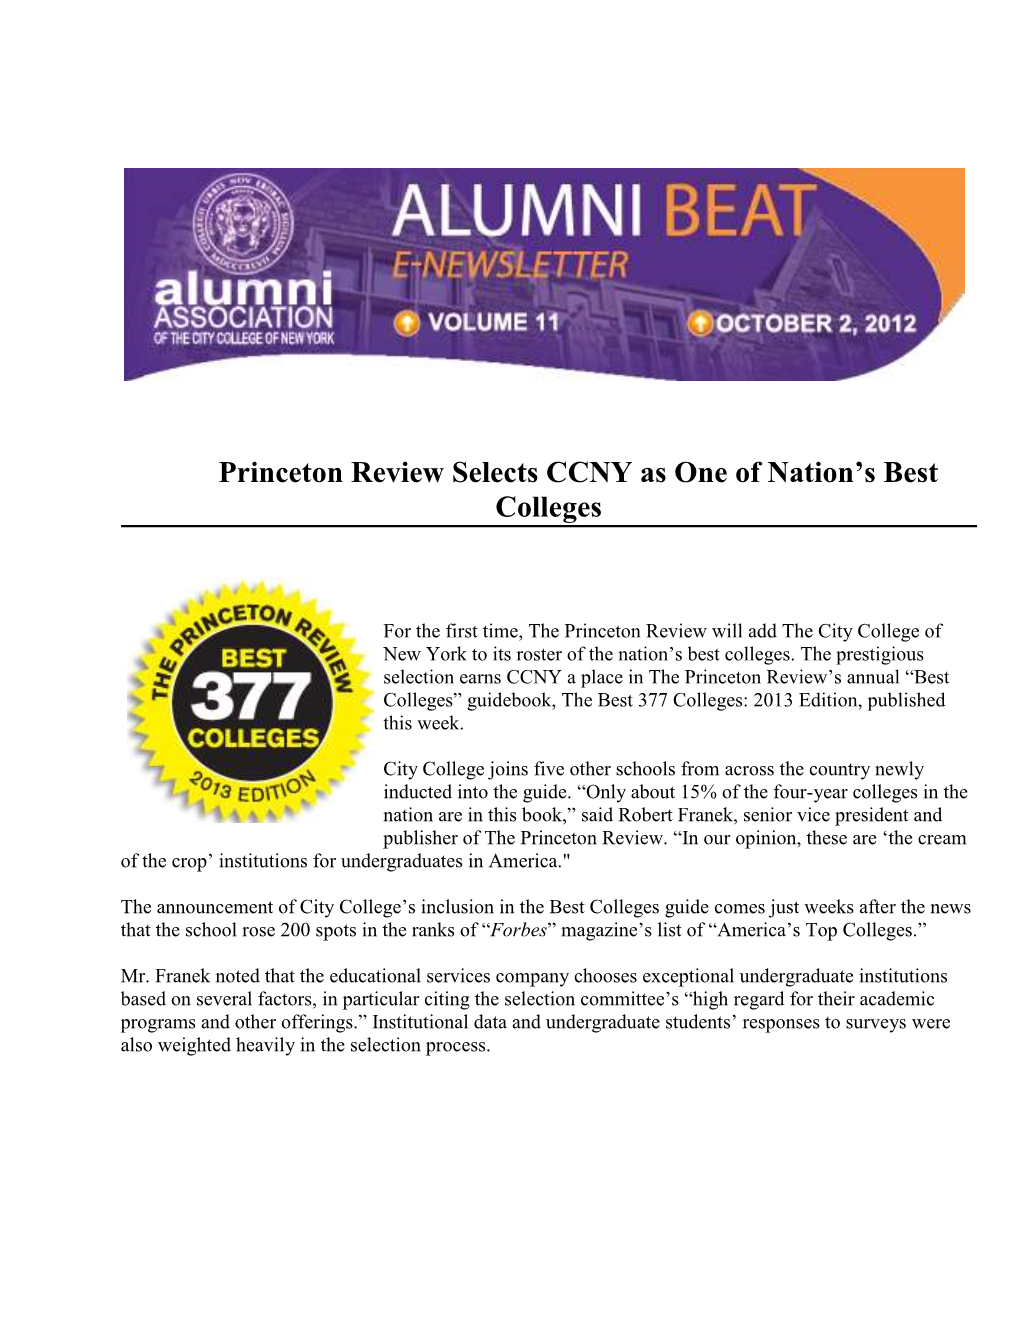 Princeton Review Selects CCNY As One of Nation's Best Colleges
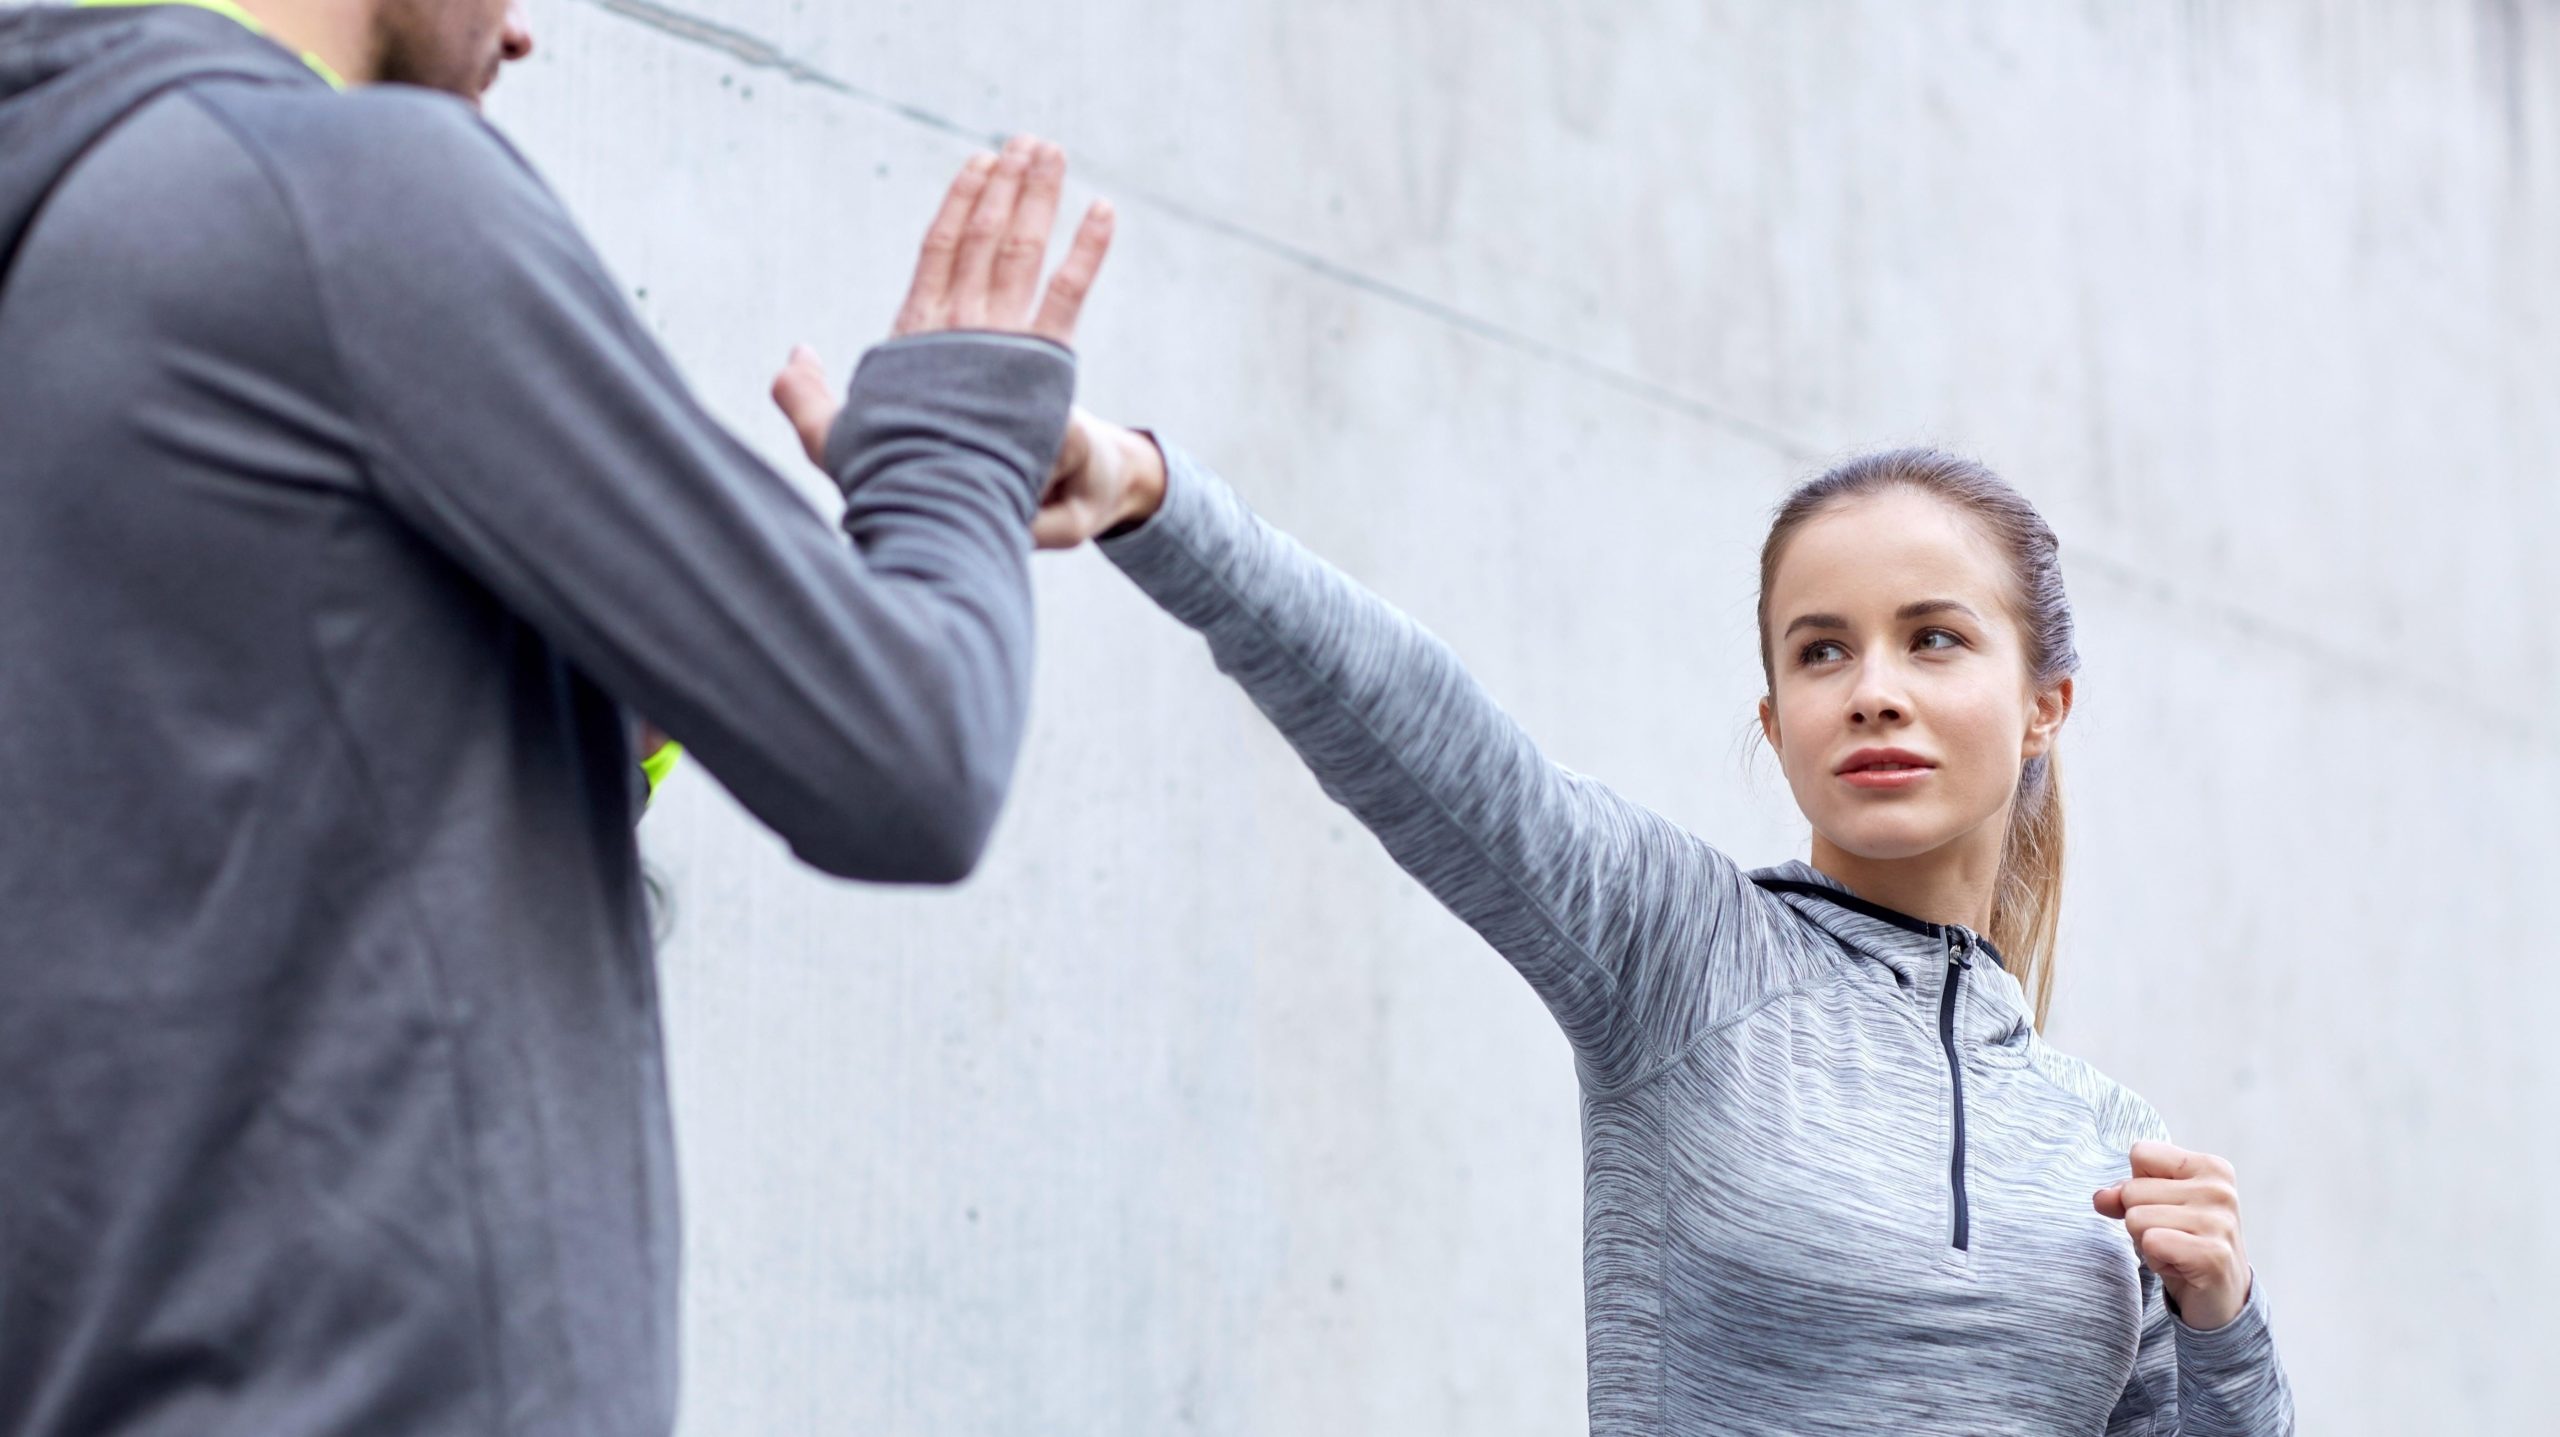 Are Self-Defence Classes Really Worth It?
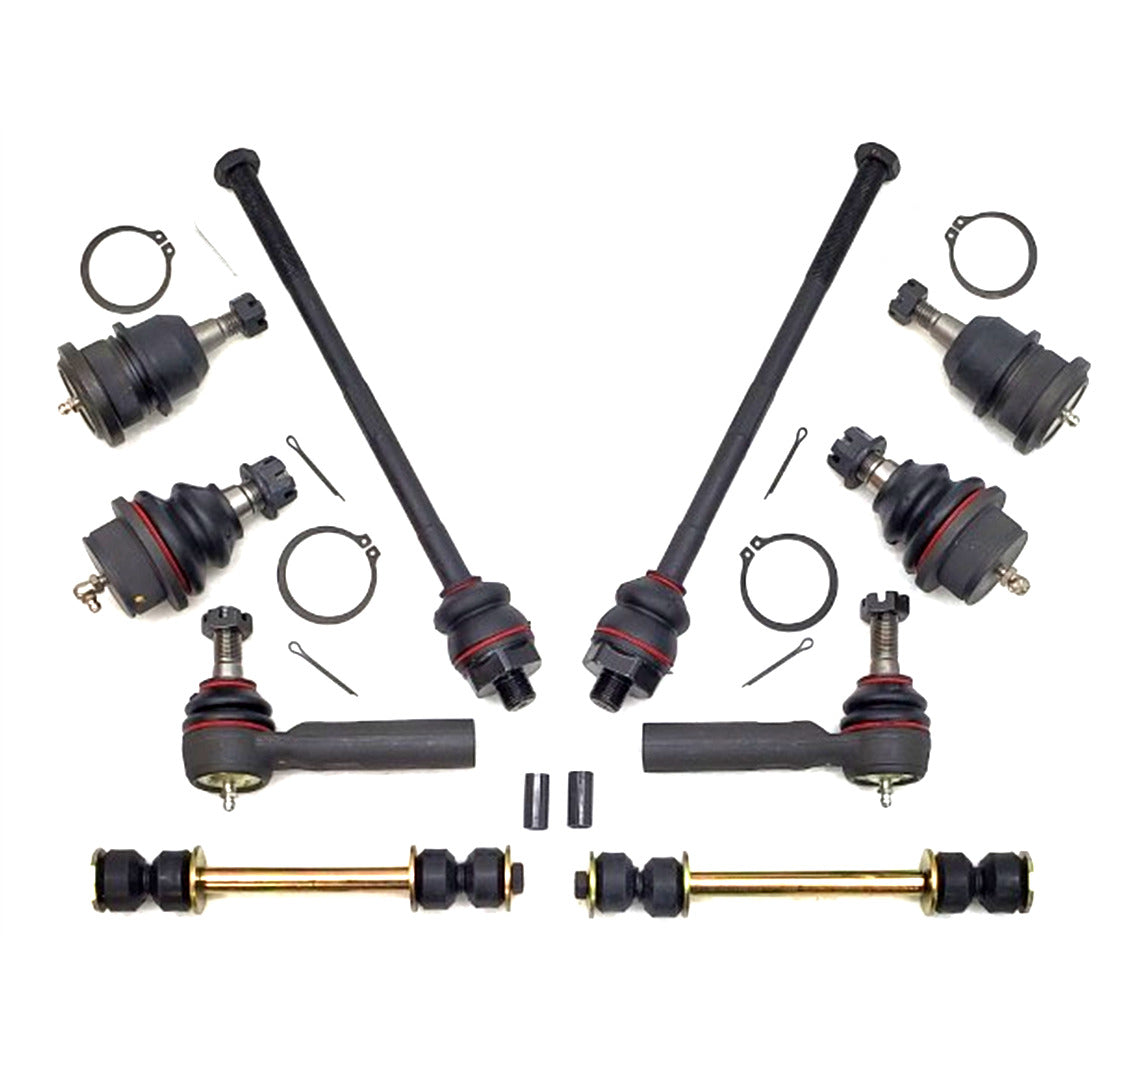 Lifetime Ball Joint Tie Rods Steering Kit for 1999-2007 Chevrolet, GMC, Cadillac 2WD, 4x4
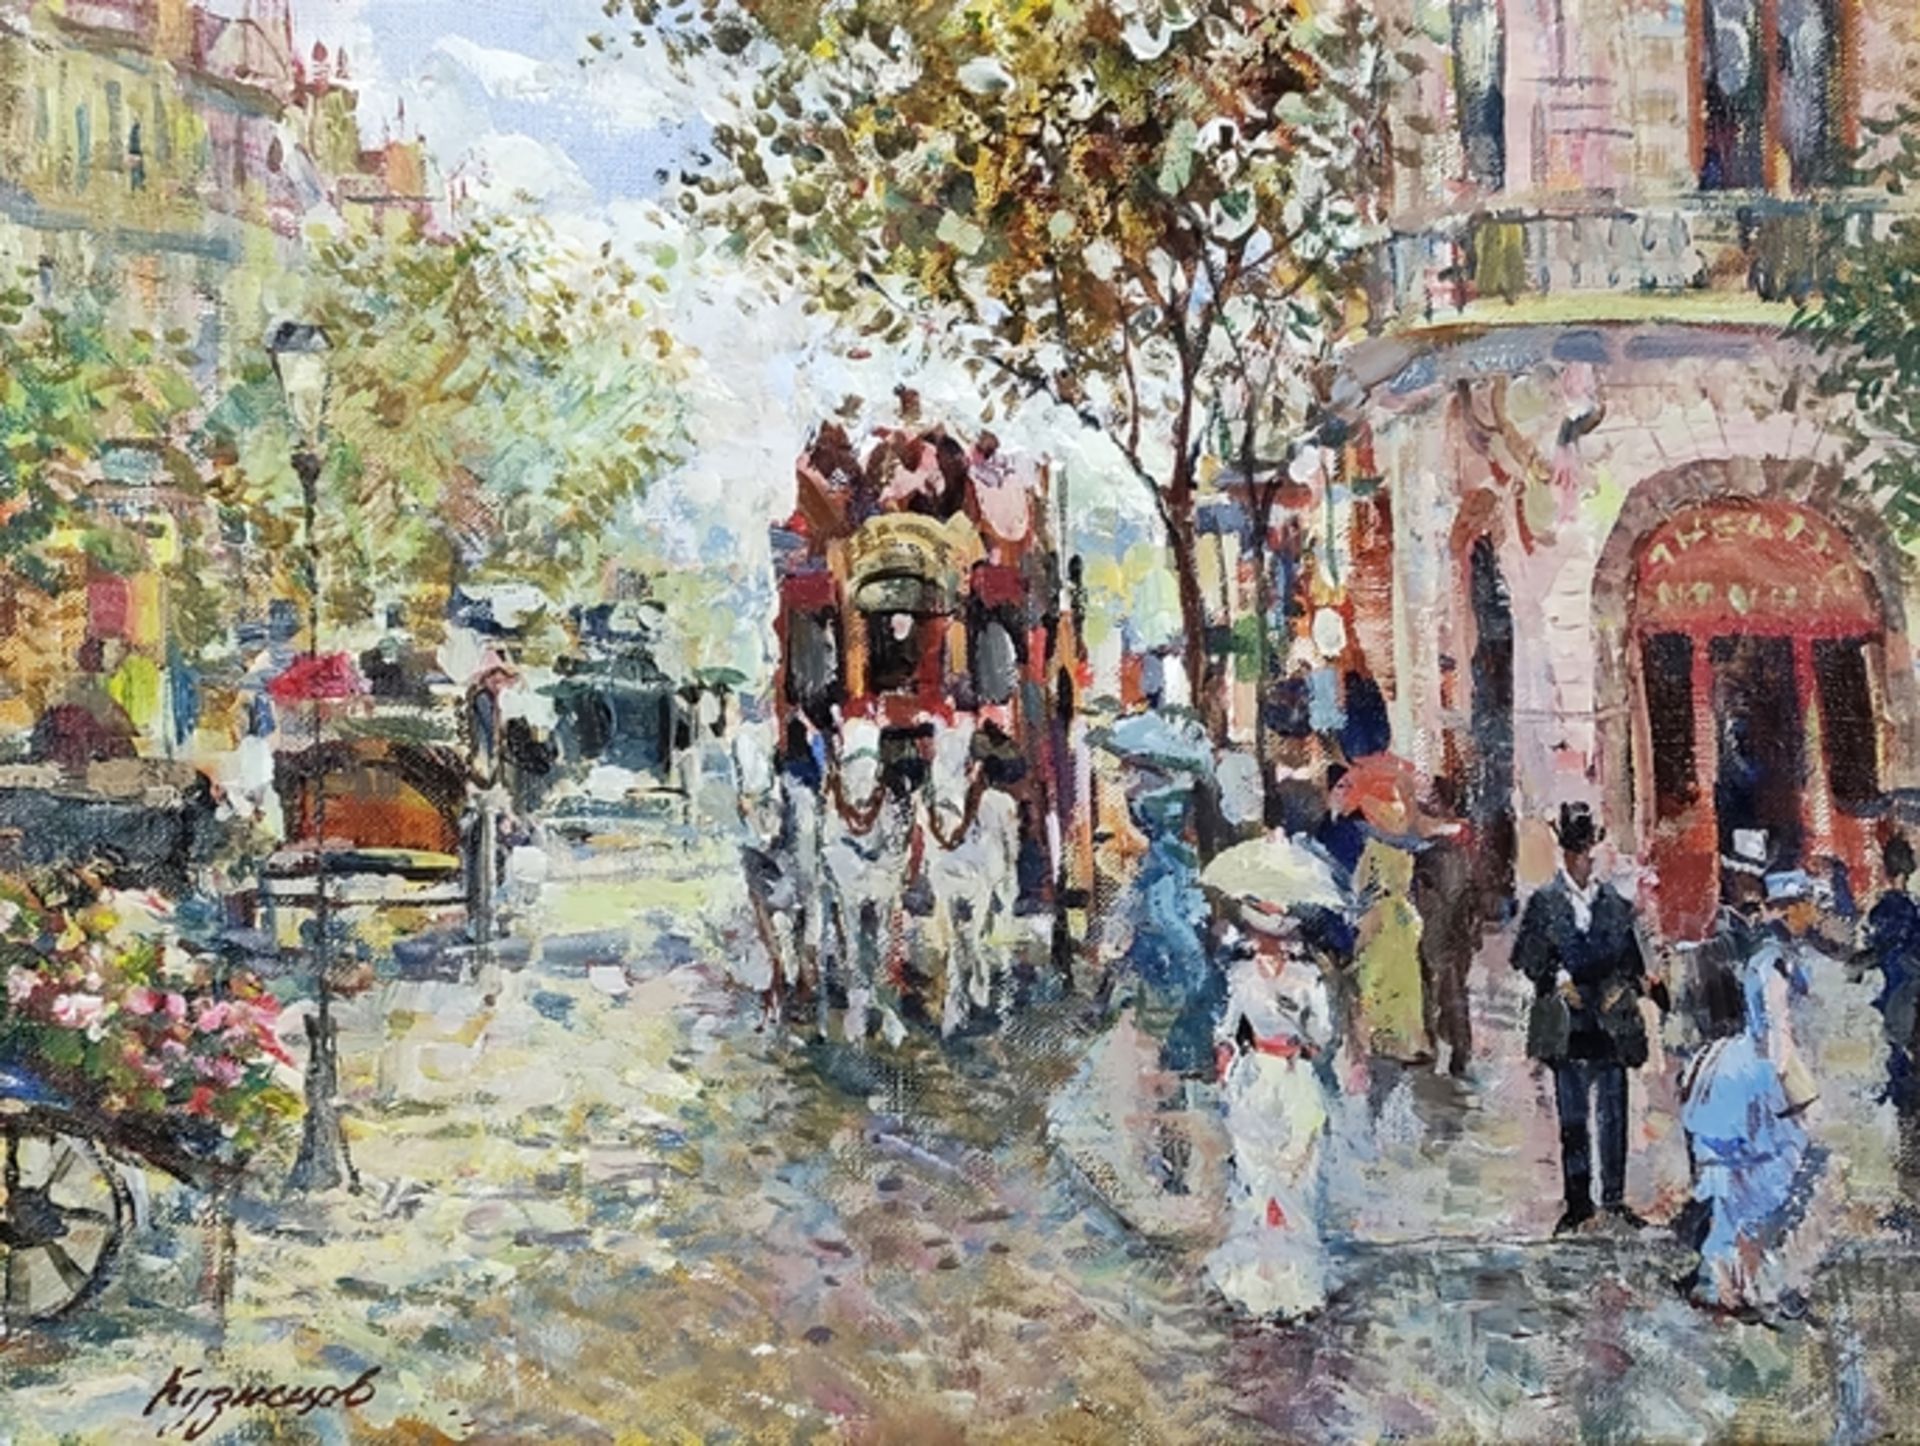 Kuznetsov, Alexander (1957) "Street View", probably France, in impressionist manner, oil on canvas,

- [TASK OBJECTIVE] The whole listing, pictures excluded, should be output exactly.

- [SOLVED PROBLEM]
 Princeton Review Selects CCNY As One of Nation's Best Colleges
 Are Self-Defence Classes Really Worth It?
 Lifetime Ball Joint Tie Rods Steering Kit for 1999-2007 Chevrolet, GMC, Cadillac 2WD, 4x4
 Kuznetsov, Alexander (1957) "Street View", probably France, in impressionist manner, oil on canvas,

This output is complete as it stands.